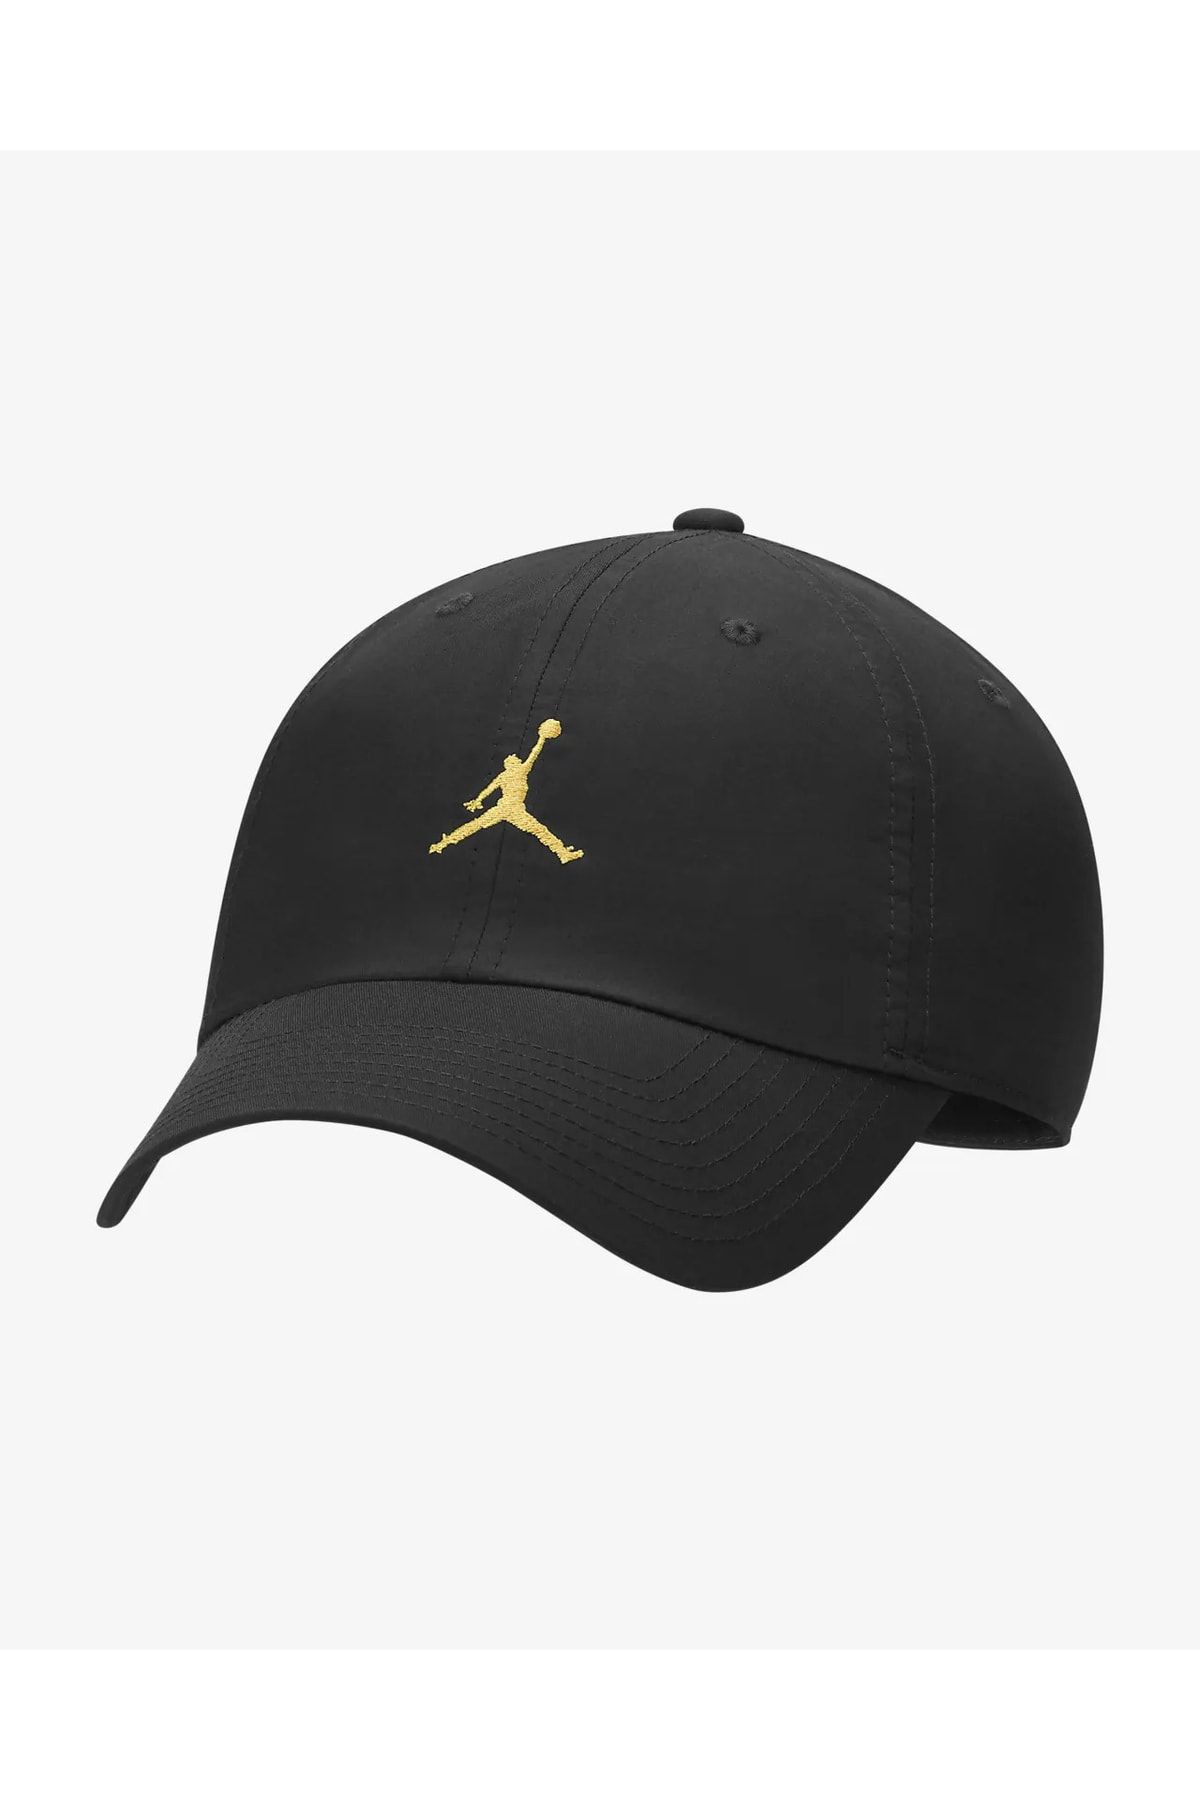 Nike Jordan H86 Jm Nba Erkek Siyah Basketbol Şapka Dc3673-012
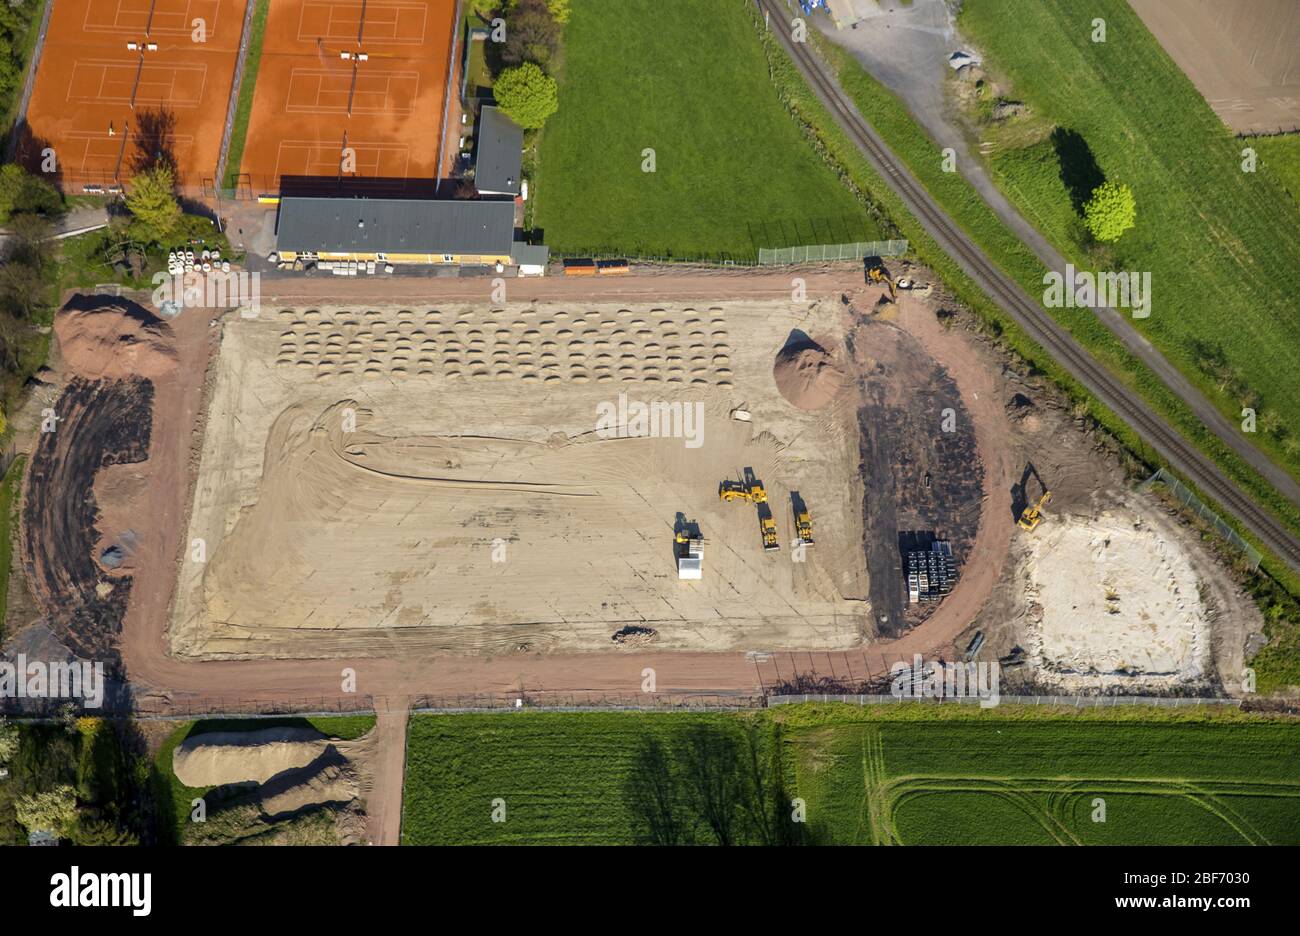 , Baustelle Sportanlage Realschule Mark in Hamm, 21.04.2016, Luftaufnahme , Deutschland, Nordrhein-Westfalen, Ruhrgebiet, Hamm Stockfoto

* * *

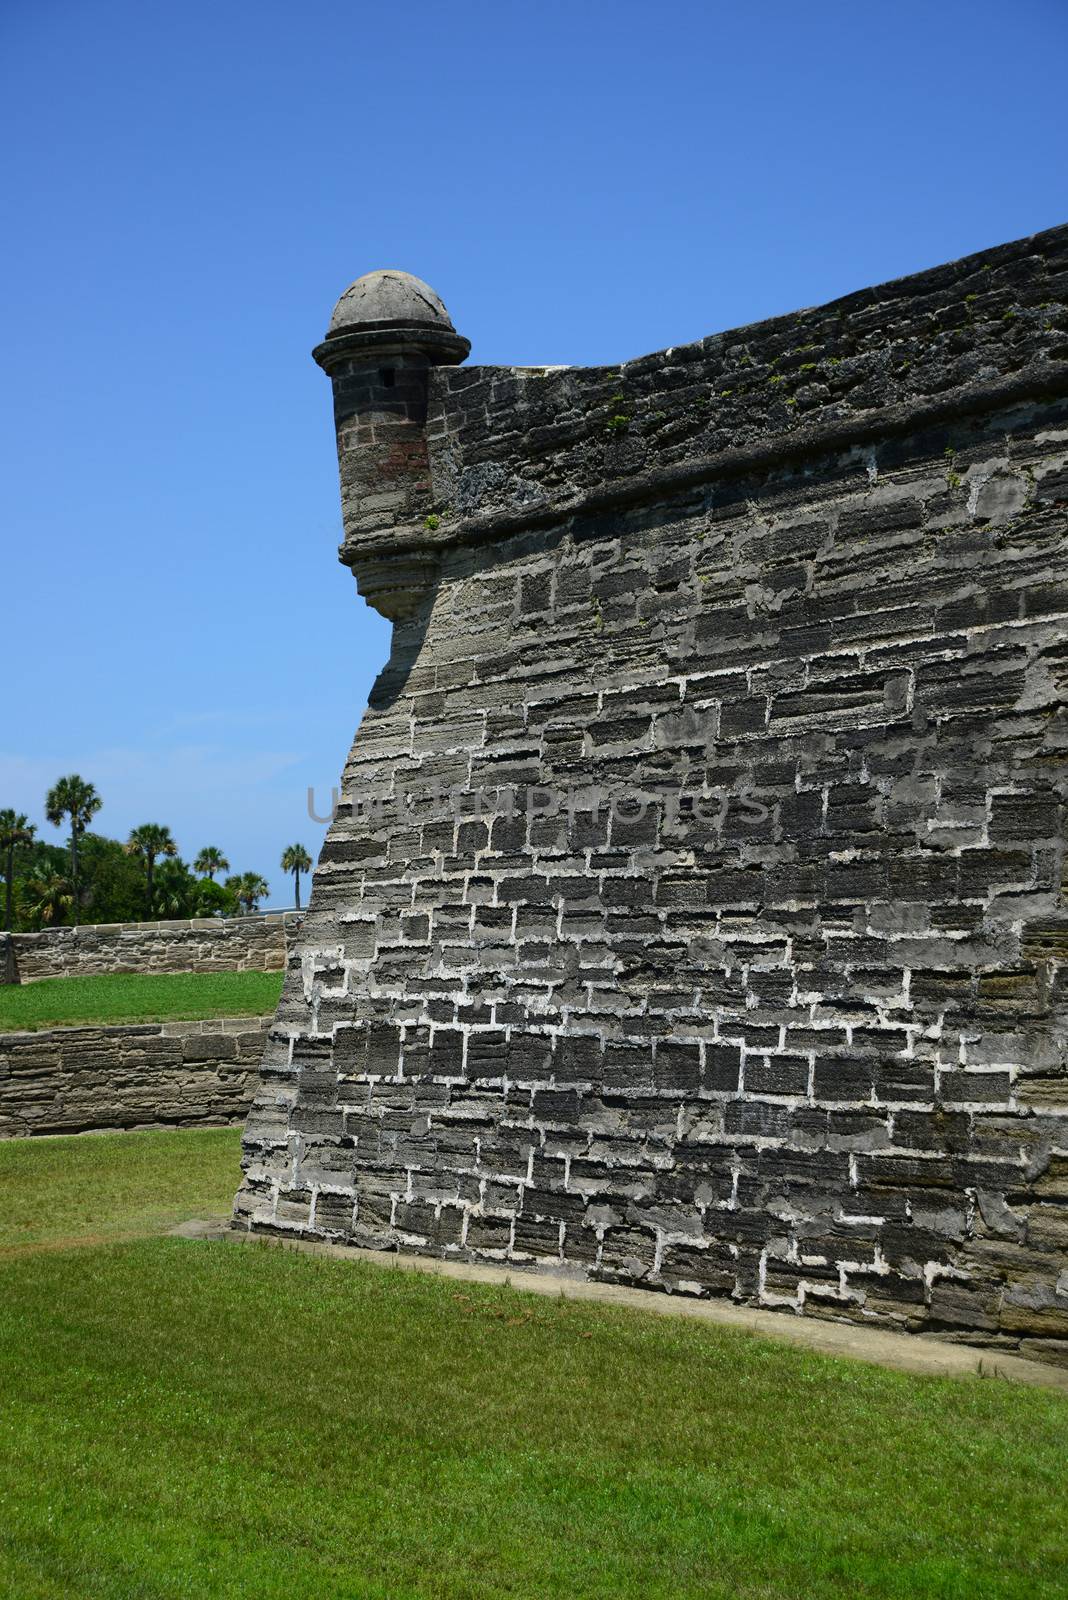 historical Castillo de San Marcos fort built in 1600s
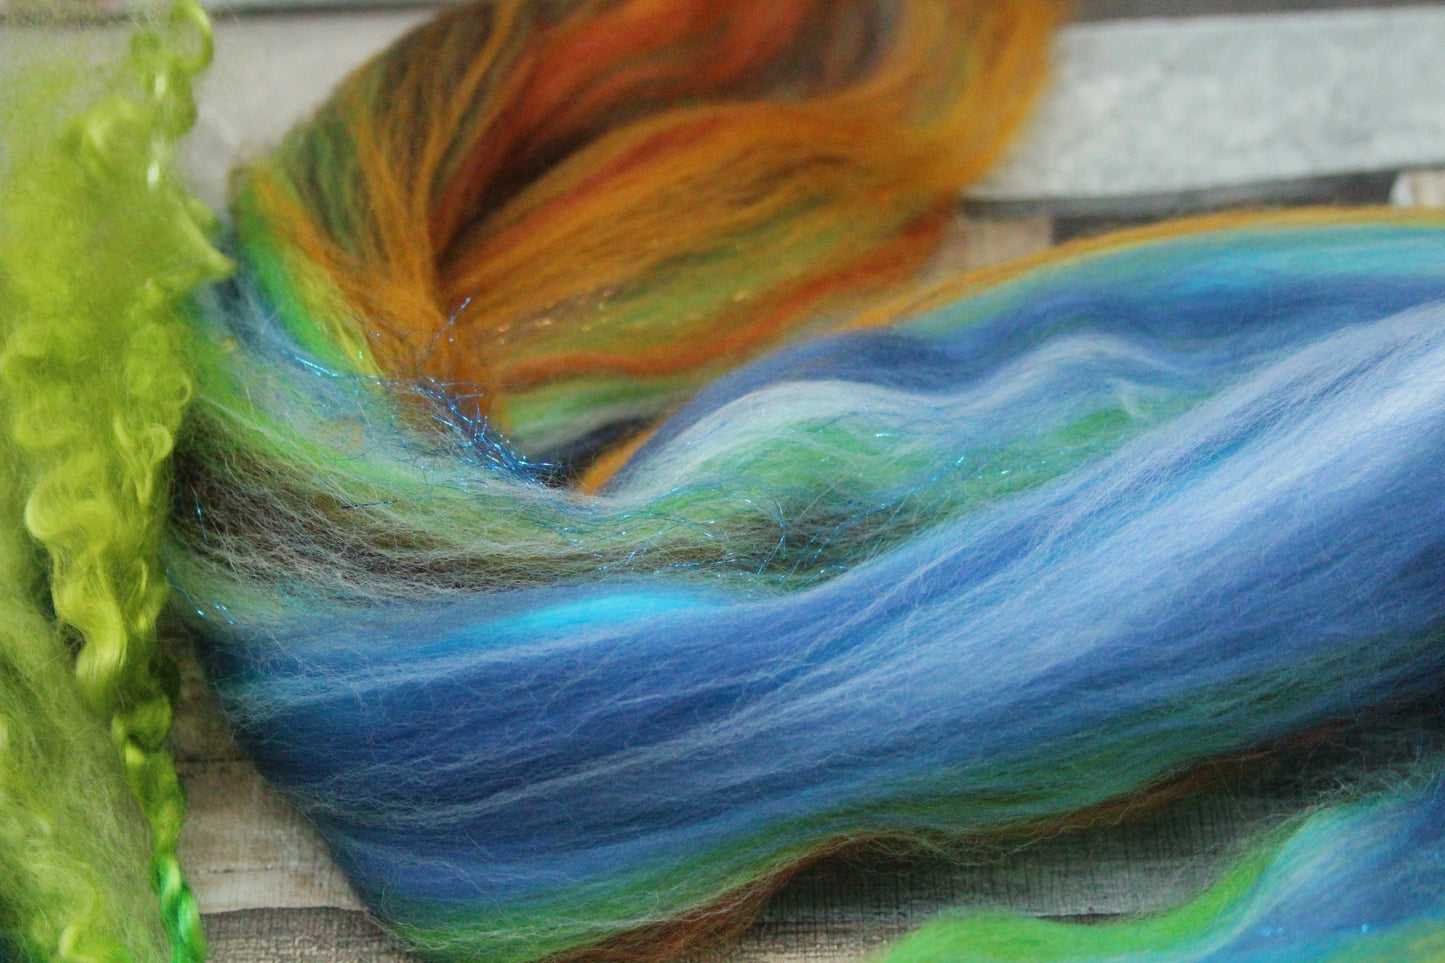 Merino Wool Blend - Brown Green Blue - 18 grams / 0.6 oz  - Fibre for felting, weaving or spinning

[GOAL OF THE EXERCISE] From the line with "Nike Jordan H86" up to and including the line with "Ruhrgebiet, Hamm Stockfoto" above, retype every line exactly and nothing more; leave out the pictures.

[OUTPUT BELOW]
 Nike Jordan H86 Jm Nba Erkek Siyah Basketbol Şapka Dc3673-012
 , Baustelle Sportanlage Realschule Mark in Hamm, 21.04.2016, Luftaufnahme , Deutschland, Nordrhein-Westfalen, Ruhrgebiet, Hamm Stockfoto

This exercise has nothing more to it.